Forever in Blue

by Ann Brashares

The fourth and final installment in the stories of the Sisterhood was the least juvenile of a series that really is universal, and shouldn’t be ignored just because of it’s YA label. In this novel, the girls are separate more than not, and the Pants are shared throughout their first year of college, not just during the summer. While not every story ends up completely happy, each of these young women grows and changes and sets the stage for what her life will become, and it’s great to watch them all deal with real issues, that real college freshman often encounter, and triumph over their personal obstacles.

I loved this series because the girls were so real.
I wanted to hate this book because it meant saying goodbye to old friends, but the beauty of books is that you can always re-read them.

Comfort Food

Comfort Food: A Novel (IPPY Award Winner for Best Regional Fiction, West–Pacific) by Noah Ashenhurst

When I posted my list of planned reading for the 11 Decades challenge, I included Comfort Food because I liked the title, and because I like reading new authors. Imagine my surprise when the author contacted me and offered a review copy – of course I said yes.

I’m glad I did.

This novel is the story of six Gen-X college students, and the way their lives interweave. We are introduced to all of them in the initial chapter, and then each section gives us a significant moment in each of their lives, finally coming full circle to connect the first person we met to the woman he loves. Because of this structure, Comfort Food reminds me very much of the improv game “Four Square” or “Pan Left” in which there are four players who form different intersecting pairs of relationships.

What I loved most about the novel, however, was the language. Ashenhurst’s descriptions of the Pacific Northwest let you feel the misty air. Whether he’s talking about the pot-stench floating in a cheap off-campus apartment, or the visceral moment when one character realizes his wife is cheating on him, the words chosen give a vivid picture of place, and of the people existing in that place at that time.

I’d love to read more from this author.

Summers of the Sisterhood

Sisterhood of the Traveling Pants / Second Summer of the Sisterhood / Girls in Pants (3 Book Set) by Ann Brashares

Despite the fact that a very kind author sent me a review copy of his book, and despite the fact that I’ve read the first fifty pages and found it gripping, having been burned to a crisp put me in the mood for light, fluffy reading.

Since I’ve seen The Sisterhood of the Traveling Pants on cable many times at this point, and even rented the dvd when it was first available, and since my friend Erin had mentioned them several weeks ago (months, really) when the fourth book had just come out, AND since YA books are less expensive than general fiction, I ordered them all.

I’m glad I did. Like J. K. Rowling’s Harry Potter series, Brashares’s novels are not all all “kiddie lit” but well-written, interesting coming-of-age novels that happen to have teenaged protagonists. The four girls who make up the Sisterhood are all three-dimensional.
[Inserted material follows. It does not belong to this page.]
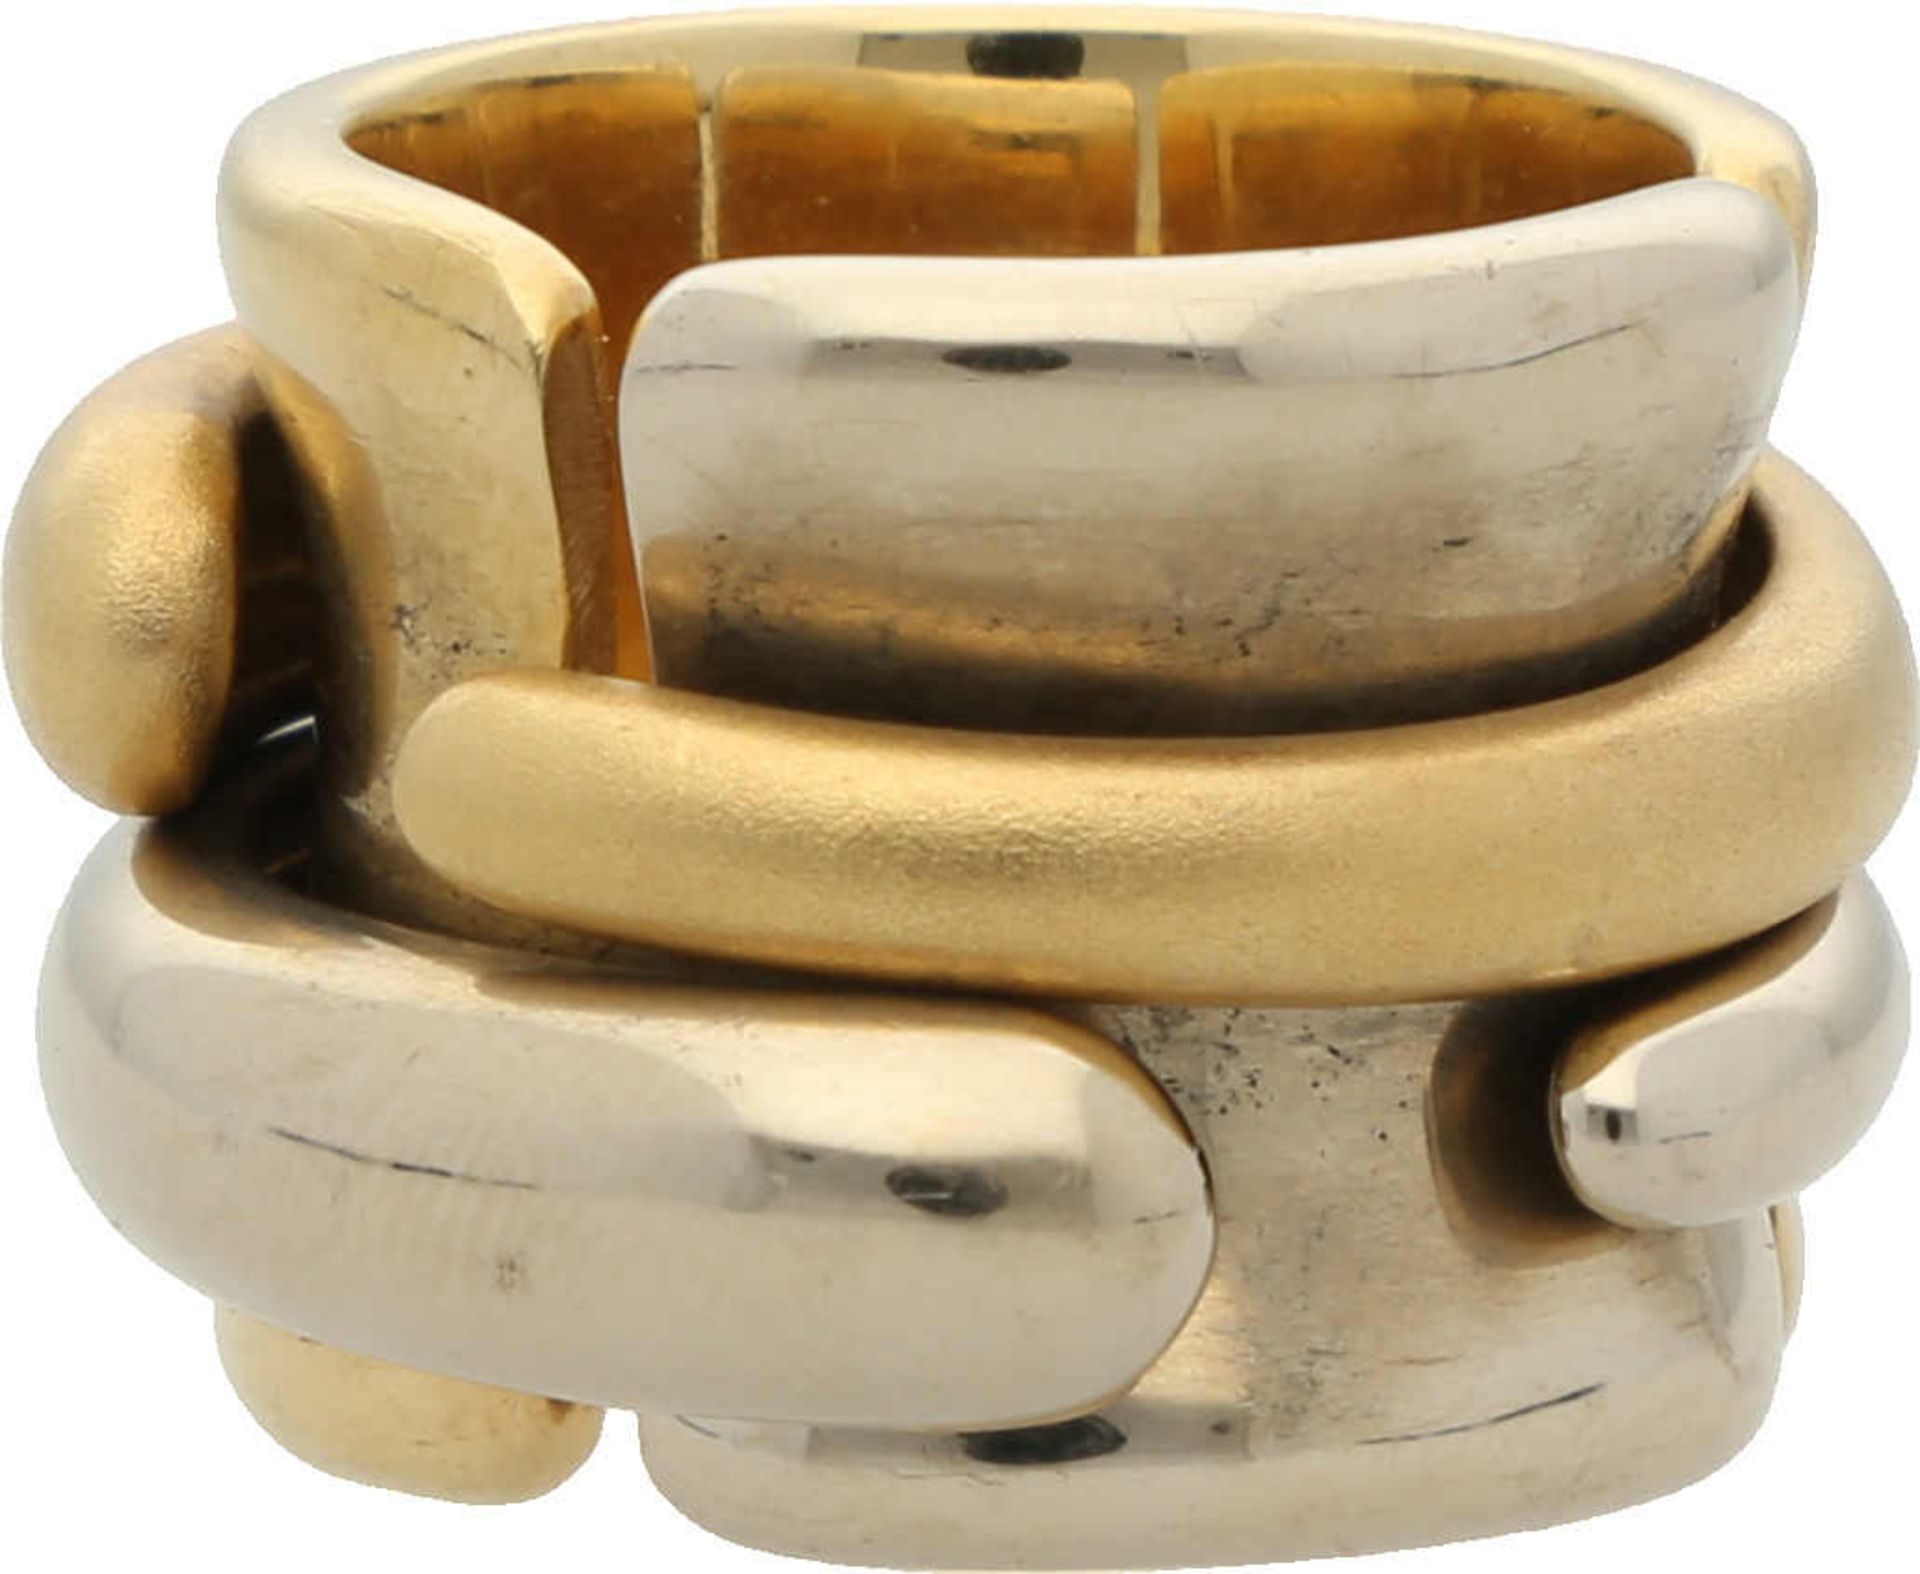 Pomellato Ring Modernes Design in GelbgoldWeissgold 18K mit polierten und satinierten Elementen,
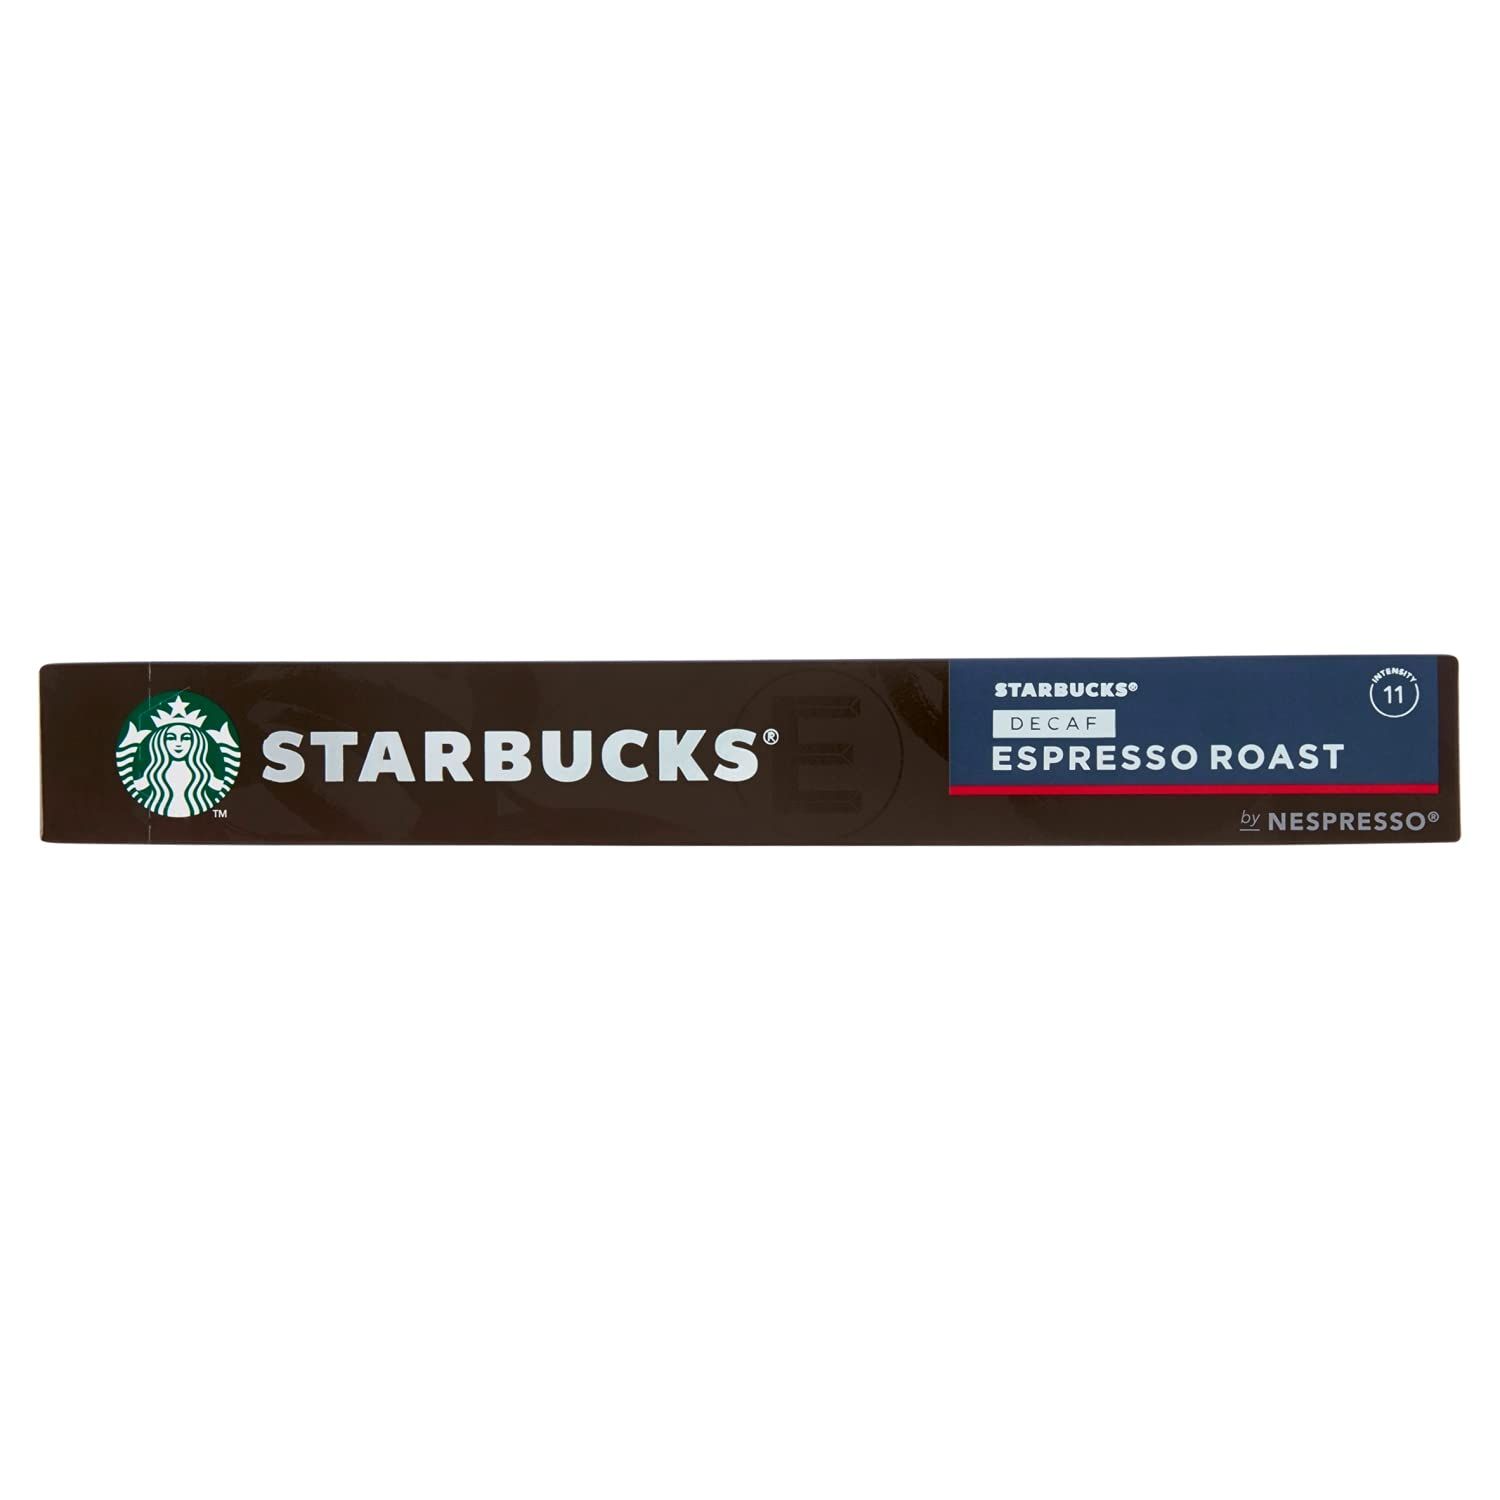 Starbuck's Decaf Espresso Roast Nespresso Coffee Image

None of them are perfect. All of them are unique. Their stories are every bit as interesting as any more grown up chick-lit characters, and the writing is considerably less fluffy than many. Bookstores and publishers may classify these books as YA, but to me, they’re comfort reading. You know there will ultimately be a mostly-happy ending, but you also know the characters will progress, and that not everything will be sunshine and roses.

I’m a fast reader. I received these on Wednesday evening, and am now a bit more than half way through the third book. Is it too early for me to recommend them? No. Because everyone has gone through adolescence, and that makes these novels (which, at around 300 pages each, are a satisfying length) truly universal.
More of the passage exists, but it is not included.